Apache Lucene was tested to be fully compatible with the release of Java 9 and its module system Jigsaw, coming out tomorrow on September 21st!

7 September 2017 - Apache Lucene™ 6.6.1 available

The Lucene PMC is pleased to announce the release of Apache Lucene 6.6.1

Apache Lucene is a high-performance, full-featured text search engine library written entirely in Java. It is a technology suitable for nearly any application that requires full-text search, especially cross-platform.

The release is available for immediate download at:

https://www.apache.org/dyn/closer.lua/lucene/java/6.6.1

See the CHANGES.txt file included with the release for a full list of changes and further details.

This release contains 2 bug fixes since the 6.6.0 release:

  • Documents with multiple points that should match might not match on a memory index

  • A query which has only one synonym with AND as the default operator would wrongly translate as an AND between the query term and the synonym

6 June 2017 - Apache Lucene™ 6.6.0 available

The Lucene PMC is pleased to announce the release of Apache Lucene 6.6.0

Apache Lucene is a high-performance, full-featured text search engine library written entirely in Java. It is a technology suitable for nearly any application that requires full-text search, especially cross-platform.

The release is available for immediate download at:

https://www.apache.org/dyn/closer.lua/lucene/java/6.6.0

See the CHANGES.txt file included with the release for a full list of changes and further details.

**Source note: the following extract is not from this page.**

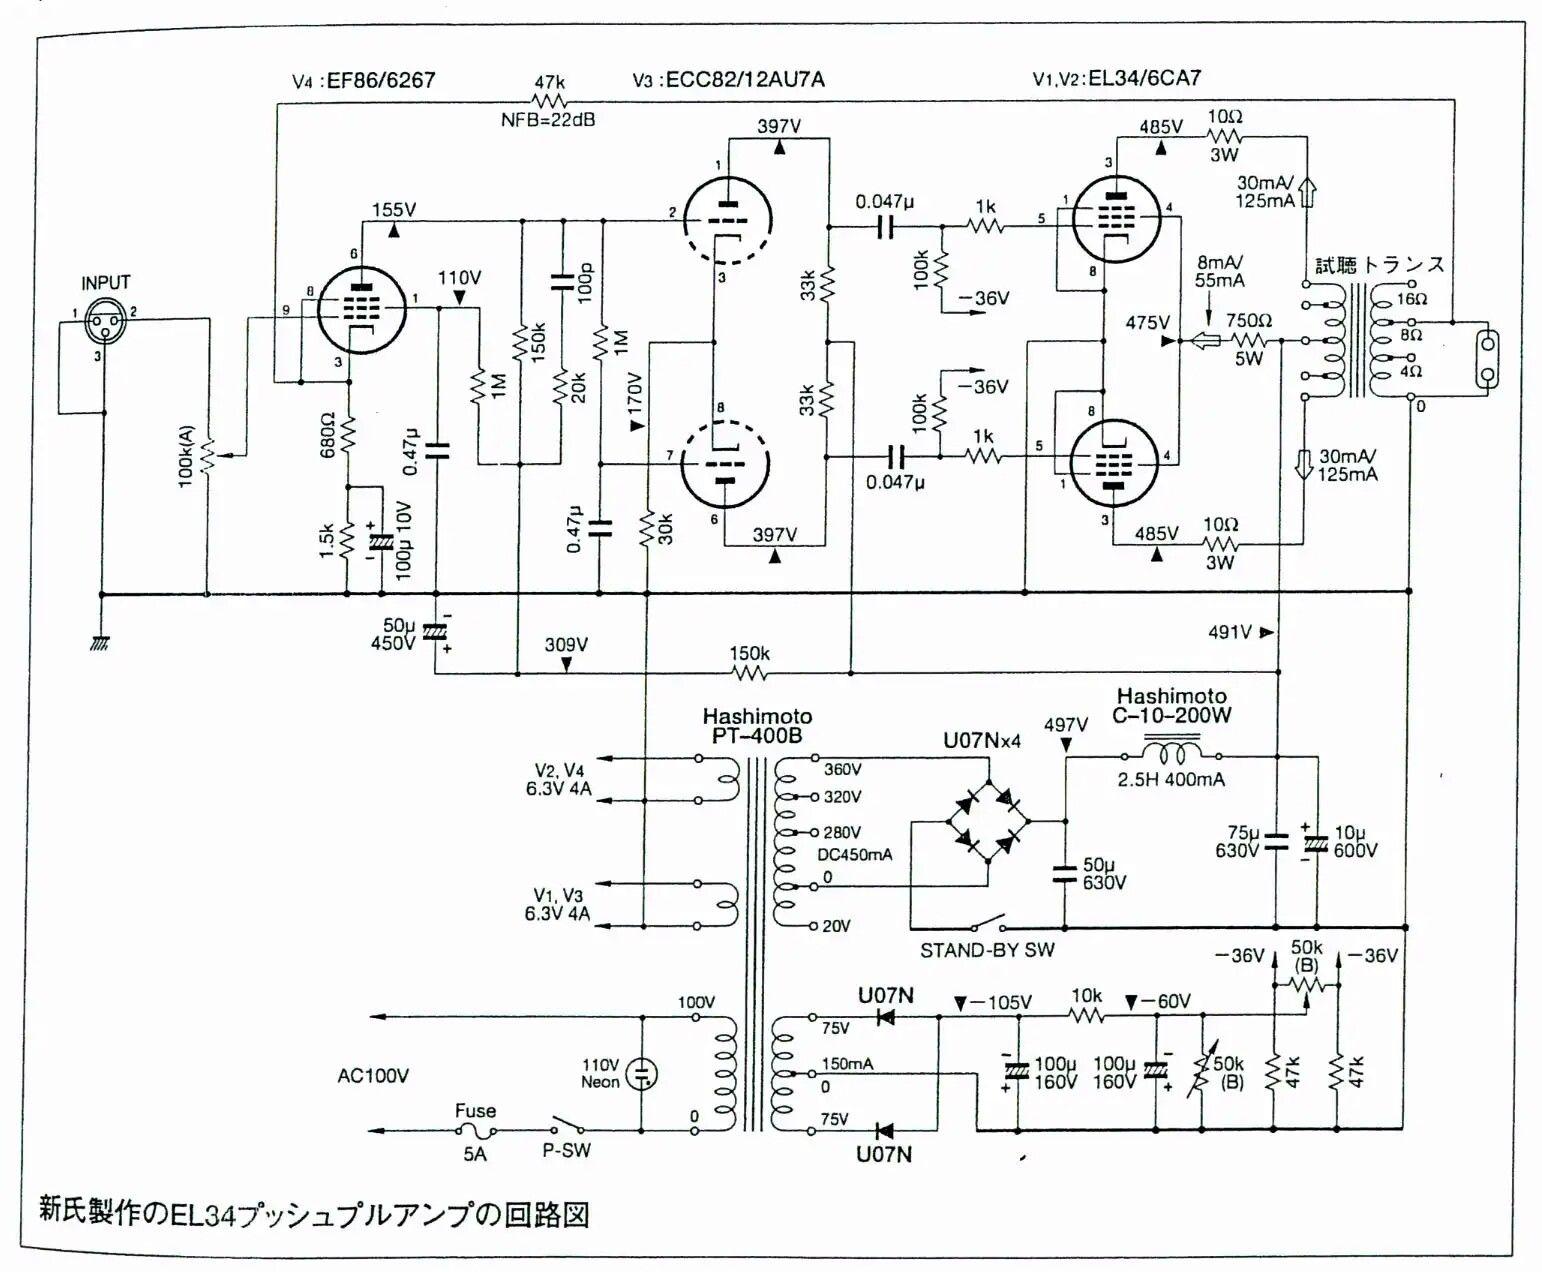 small resolution of el34 push pull circuit diagram vacuum tube audiophile techno circuits robotics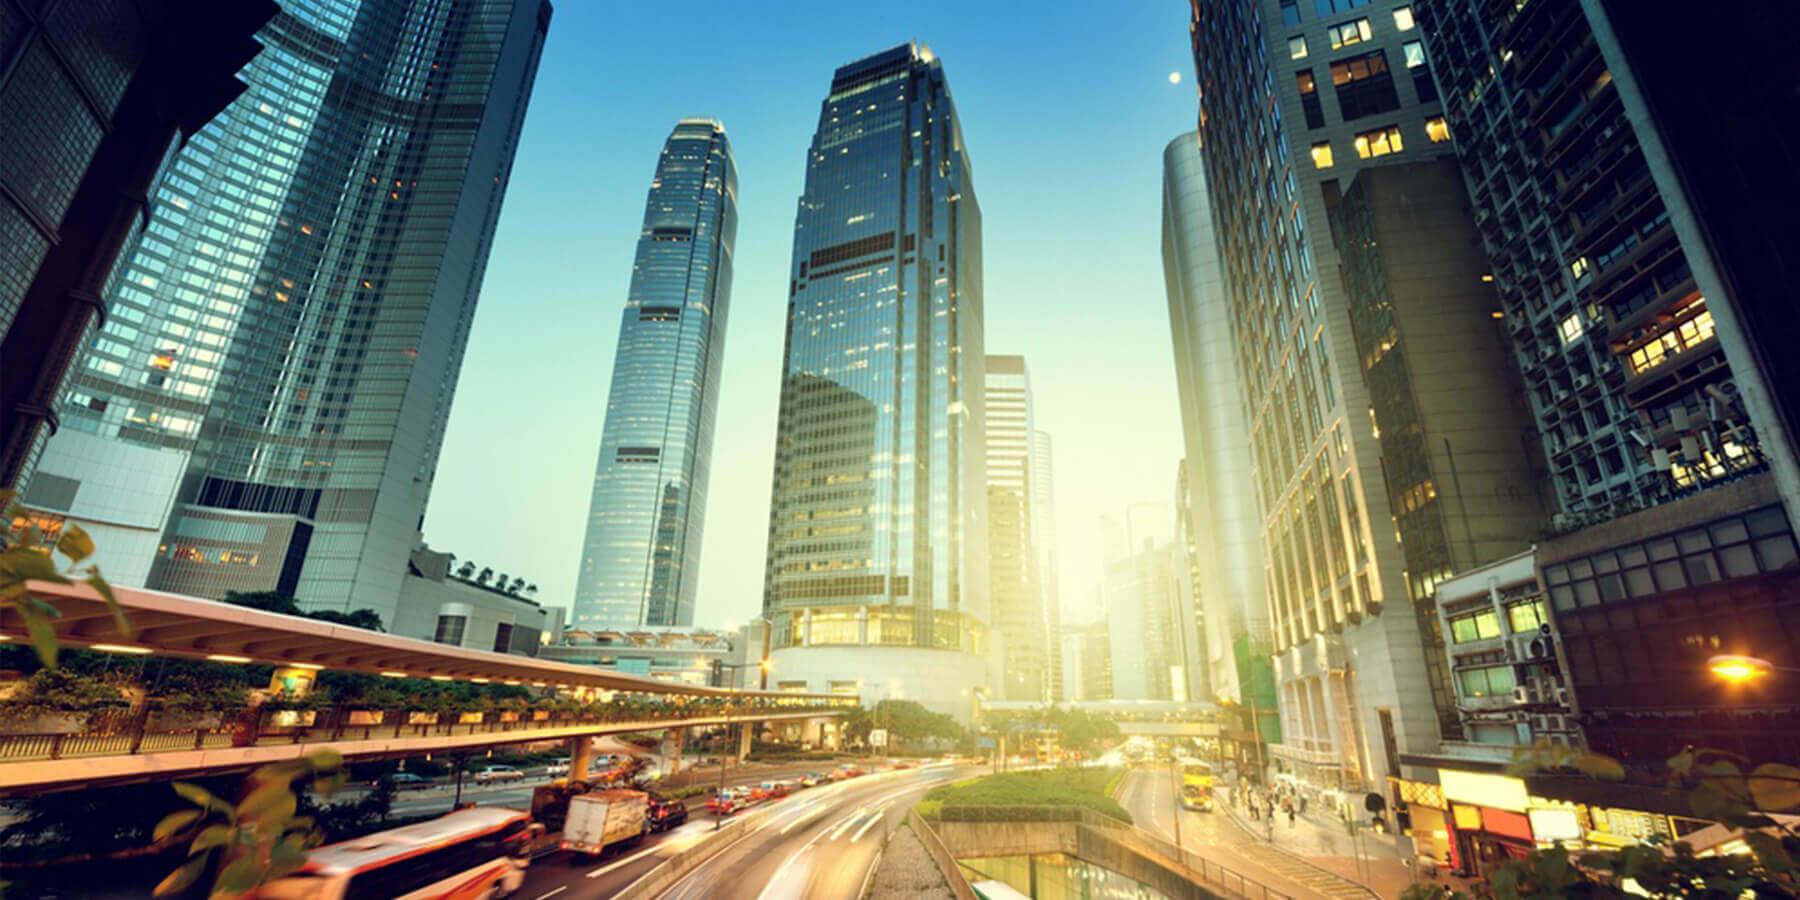 《2018年公司(修訂)條例》 在香港特別行政區註冊成立的公司 須備存重要控制人登記冊之規定

Highlights of this Lucene release include:

  • A concurrent SortedSet facets implementation

  • spatial-extras HeatmapFacetCounter will now short-circuit it's work when Bits.MatchNoBits is passed

  • OfflineSorter now passes the total number of items it will write to getWriter()

  • Move dictionary for Ukrainian analyzer to external dependency

  • SortedSetDocValuesReaderState now implements Accountable so one can see how much RAM it is using

  • OfflineSorter can now run concurrently if you pass it an optional ExecutorService Sorted set facets now use sparse storage when collecting hits, when appropriate

  • PostingsHighlighter has been deprecated in favour of the UnifiedHighlighter

27 April 2017 - Apache Lucene™ 6.5.1 available

The Lucene PMC is pleased to announce the release of Apache Lucene 6.5.1

Apache Lucene is a high-performance, full-featured text search engine library written entirely in Java. It is a technology suitable for nearly any application that requires full-text search, especially cross-platform.

The release is available for immediate download at:

https://www.apache.org/dyn/closer.lua/lucene/java/6.5.1

See the CHANGES.txt file included with the release for a full list of changes and further details.

This release contains 3 bug fixes since the 6.5.0 release:

  • Fixed join queries to not reference IndexReaders, as it could cause leaks if they are cached.

  • Made LRUQueryCache delegate the scoreSupplier method.

  • Fixed index sorting to work with sparse numeric and binary docvalues field

27 March 2017 - Apache Lucene™ 6.5.0 available

The Lucene PMC is pleased to announce the release of Apache Lucene 6.5.0

Apache Lucene is a high-performance, full-featured text search engine library written entirely in Java. It is a technology suitable for nearly any application that requires full-text search, especially cross-platform.

This release contains numerous bug fixes, optimizations, and improvements, some of which are highlighted below. The release is available for immediate download at:

https://www.apache.org/dyn/closer.lua/lucene/java/6.5.0

See the CHANGES.txt file included with the release for a full list of changes and further details.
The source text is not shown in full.